[What the exercise asks]:
Leave out the pictures, and retype the remaining data exactly.

[Supplied information]:
__________
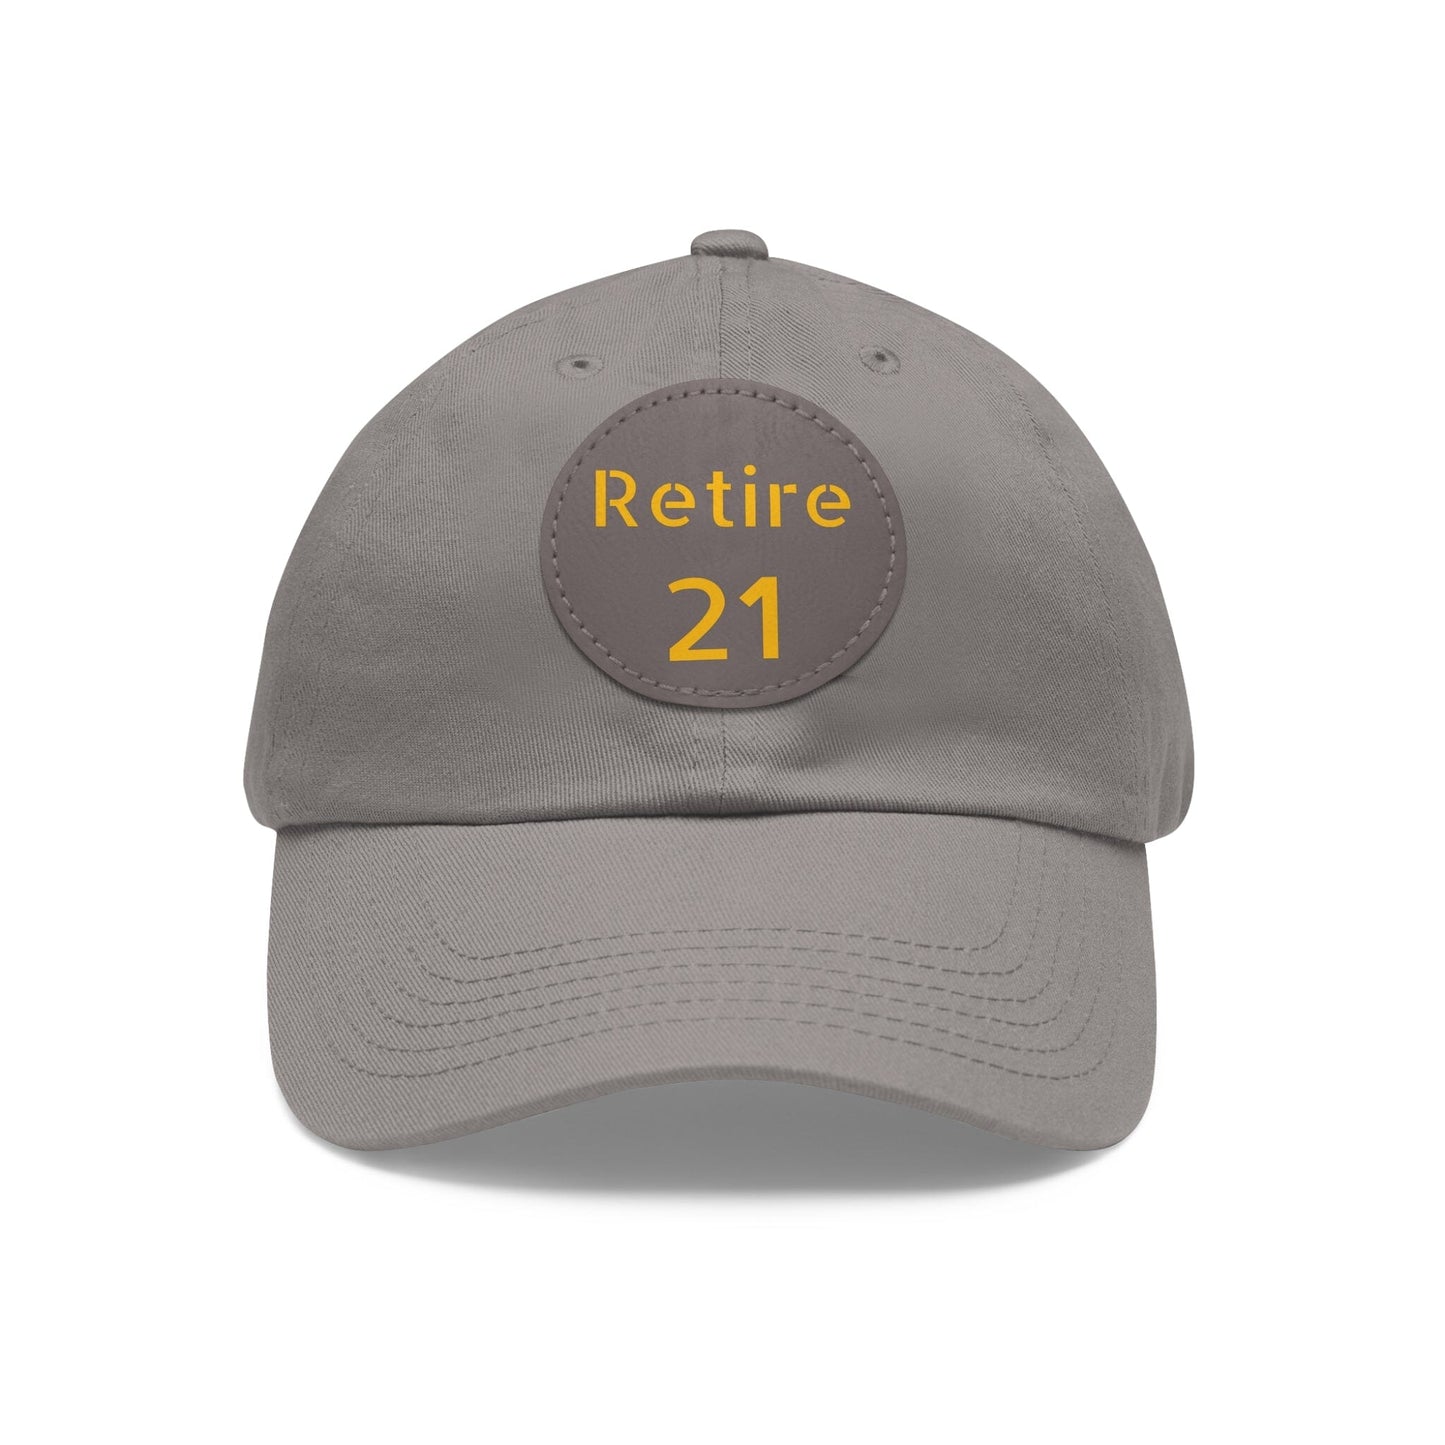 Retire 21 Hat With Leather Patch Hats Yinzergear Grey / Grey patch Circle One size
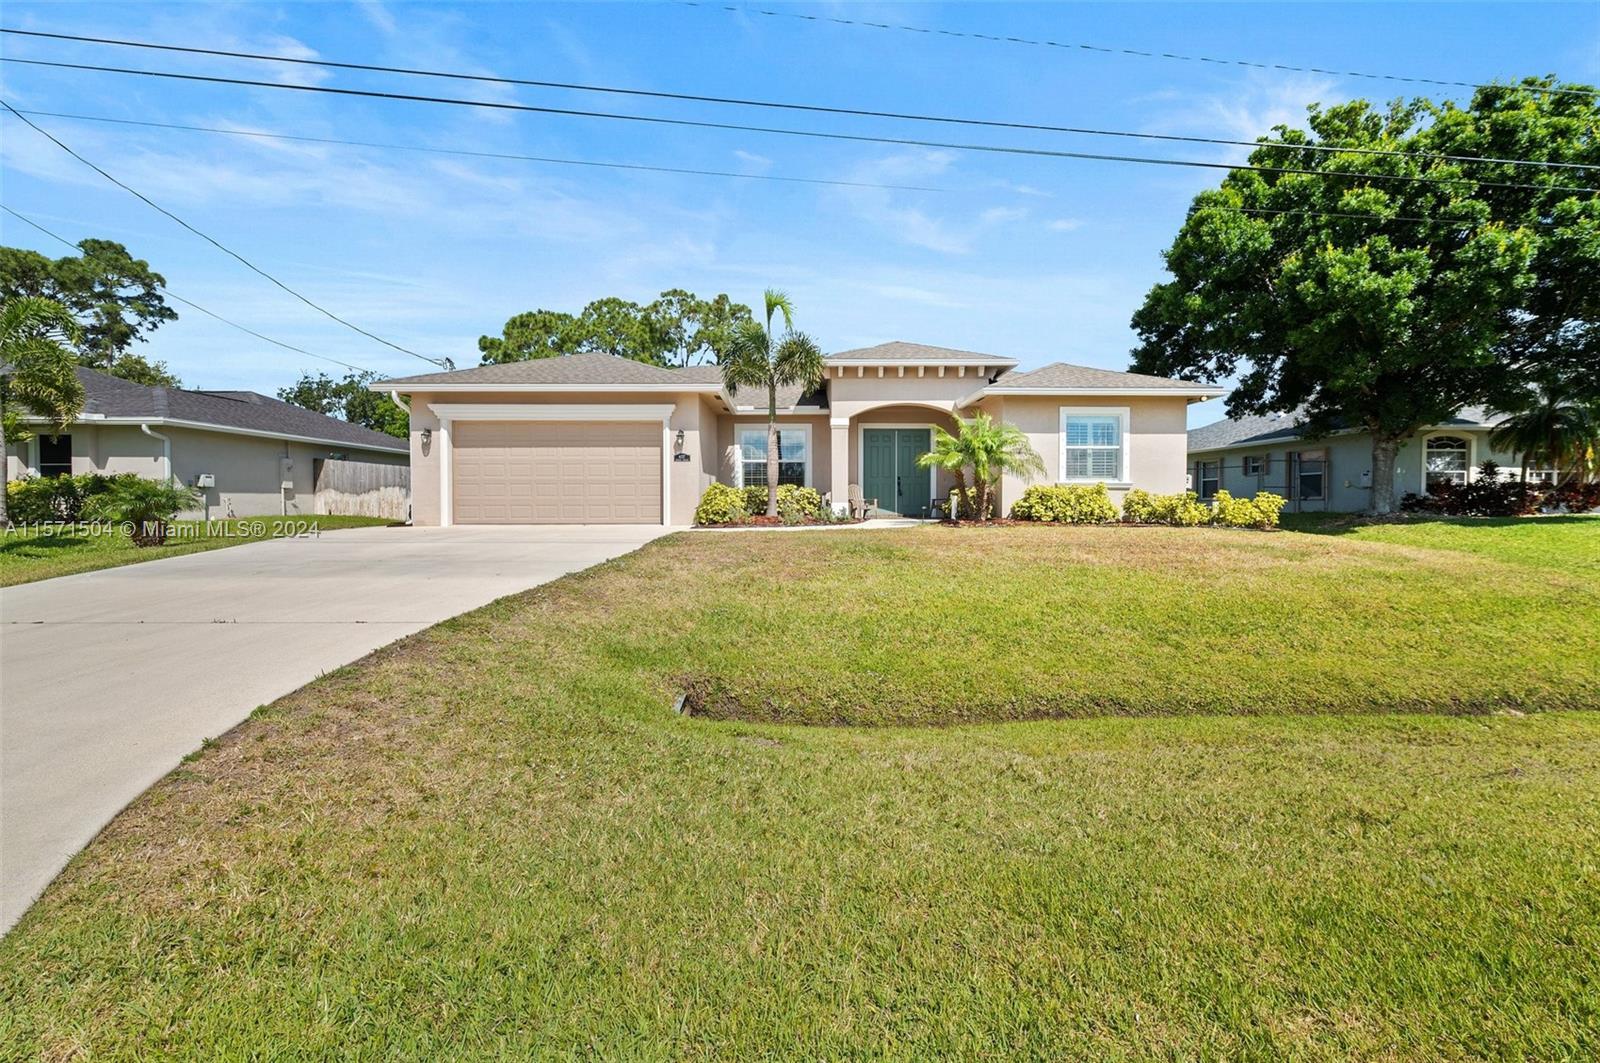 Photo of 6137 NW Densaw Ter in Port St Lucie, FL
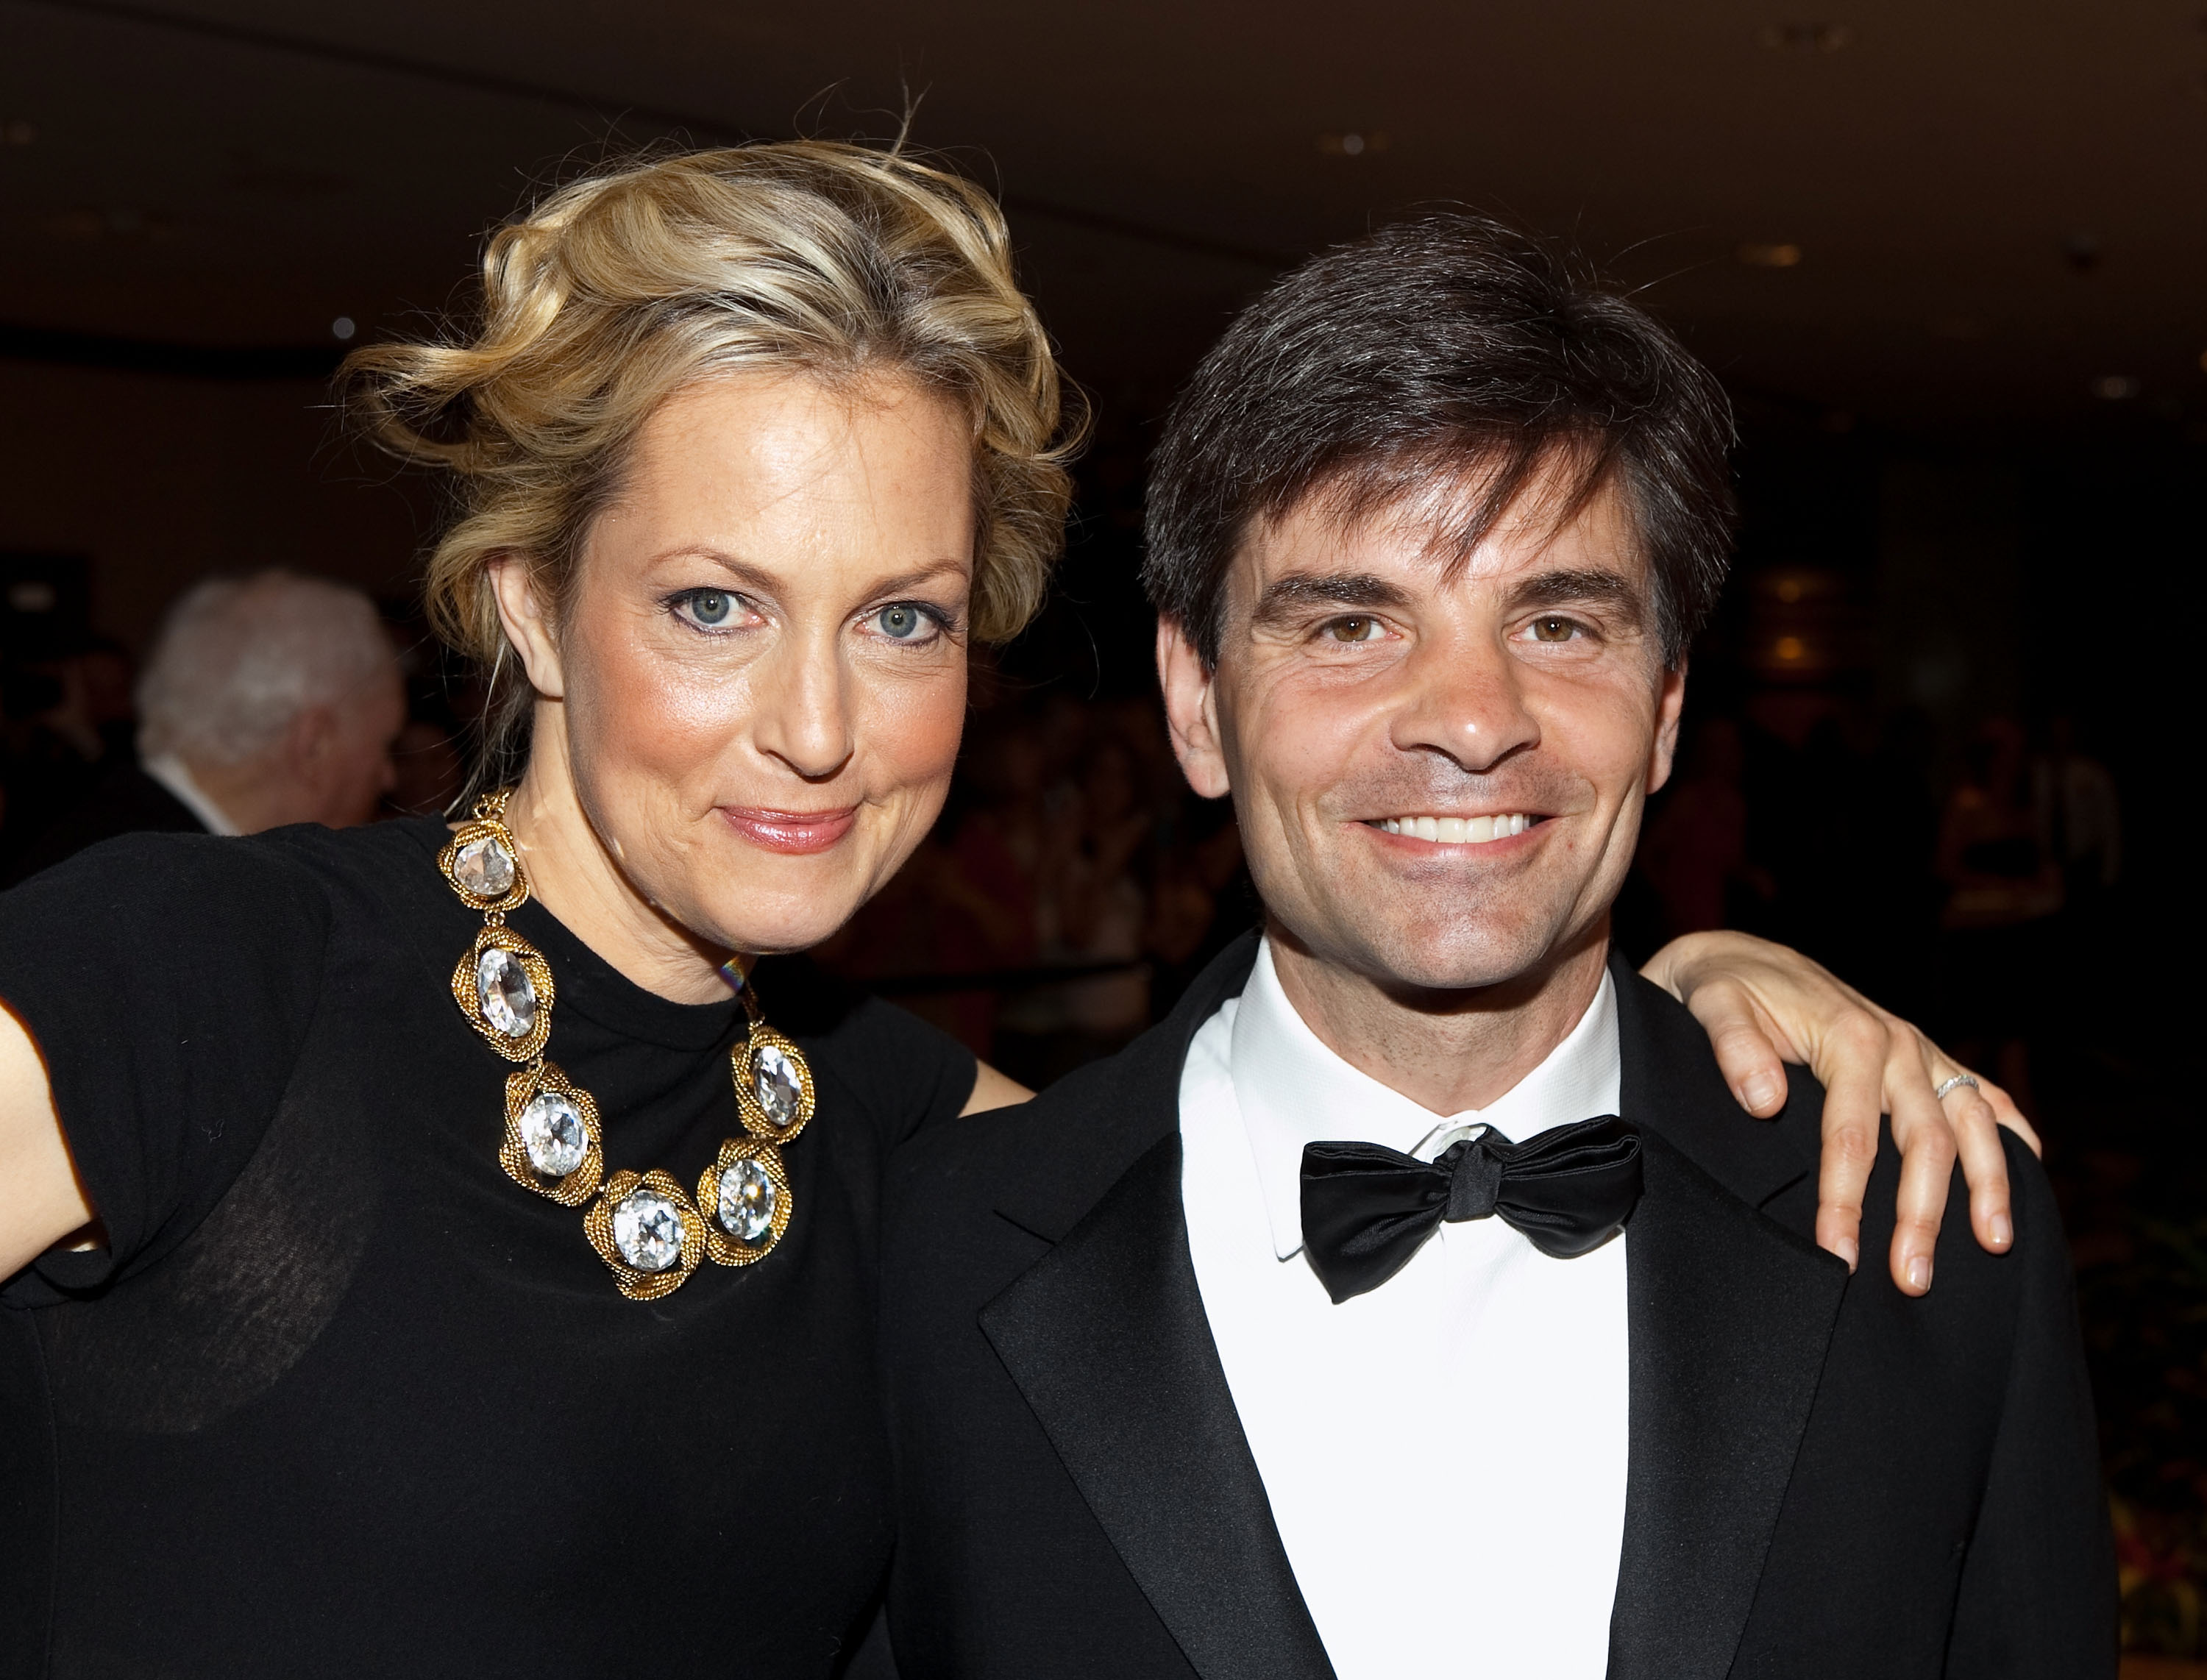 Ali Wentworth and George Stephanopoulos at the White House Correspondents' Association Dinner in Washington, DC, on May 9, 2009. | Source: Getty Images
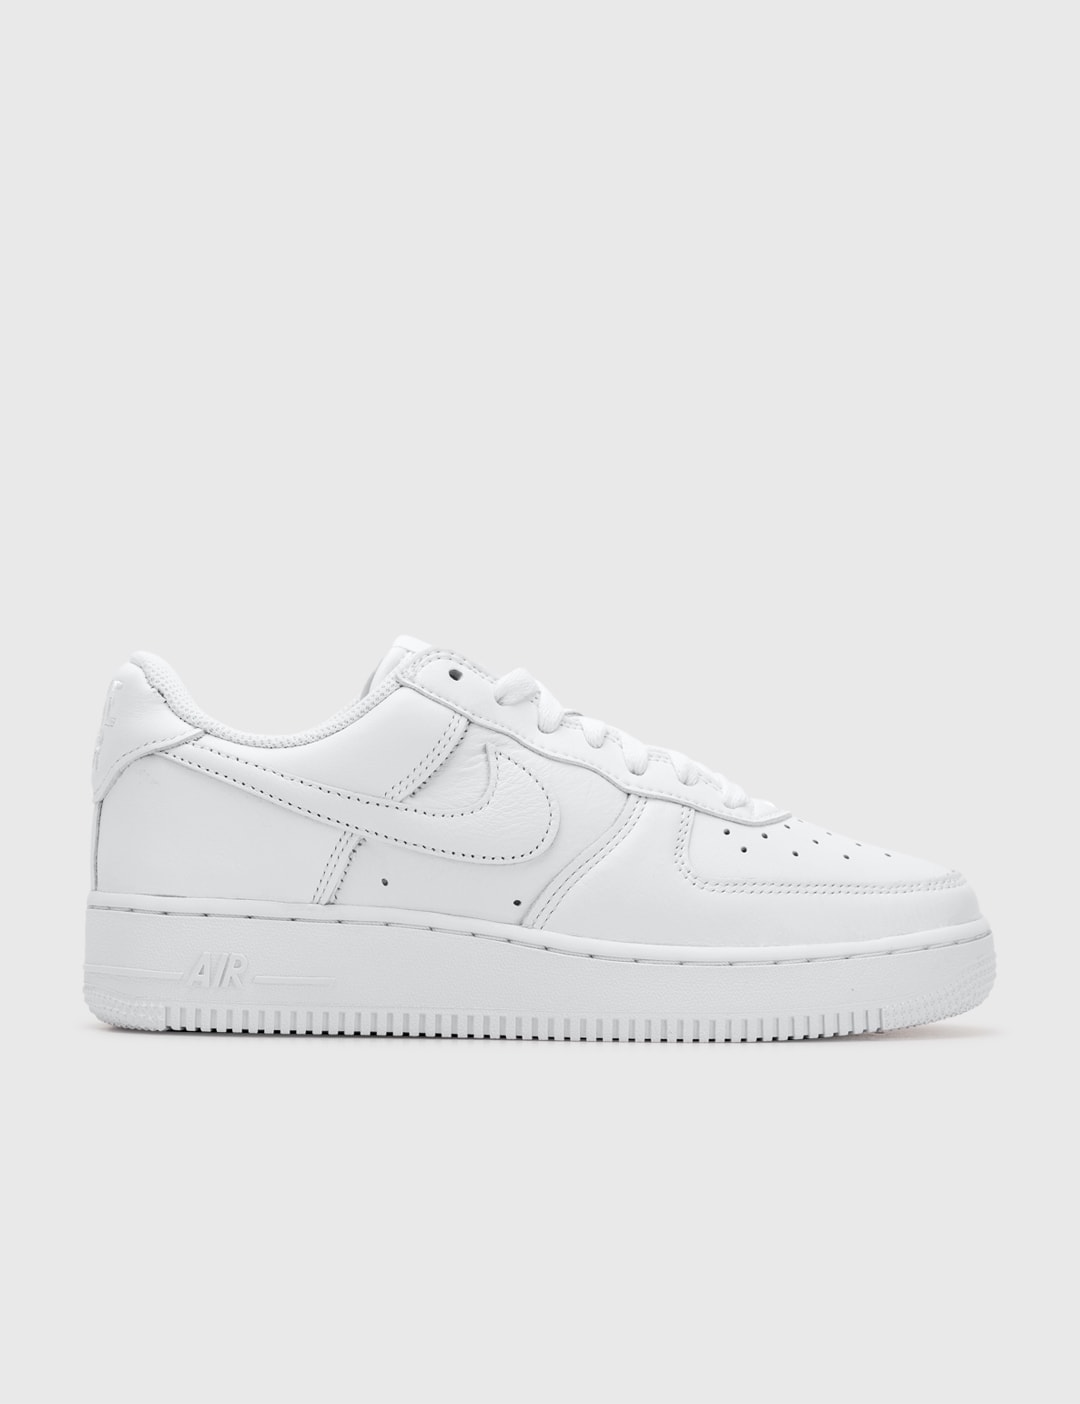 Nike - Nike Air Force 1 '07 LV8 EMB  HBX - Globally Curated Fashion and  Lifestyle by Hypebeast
__________
[Solution for this task]:
 Retire 21 Hat With Leather Patch Hats Yinzergear Grey / Grey patch Circle One size
 Photo of 6137 NW Densaw Ter in Port St Lucie, FL
 Ali Wentworth and George Stephanopoulos at the White House Correspondents' Association Dinner in Washington, DC, on May 9, 2009. | Source: Getty Images
 Nike - Nike Air Force 1 '07 LV8 EMB  HBX - Globally Curated Fashion and  Lifestyle by Hypebeast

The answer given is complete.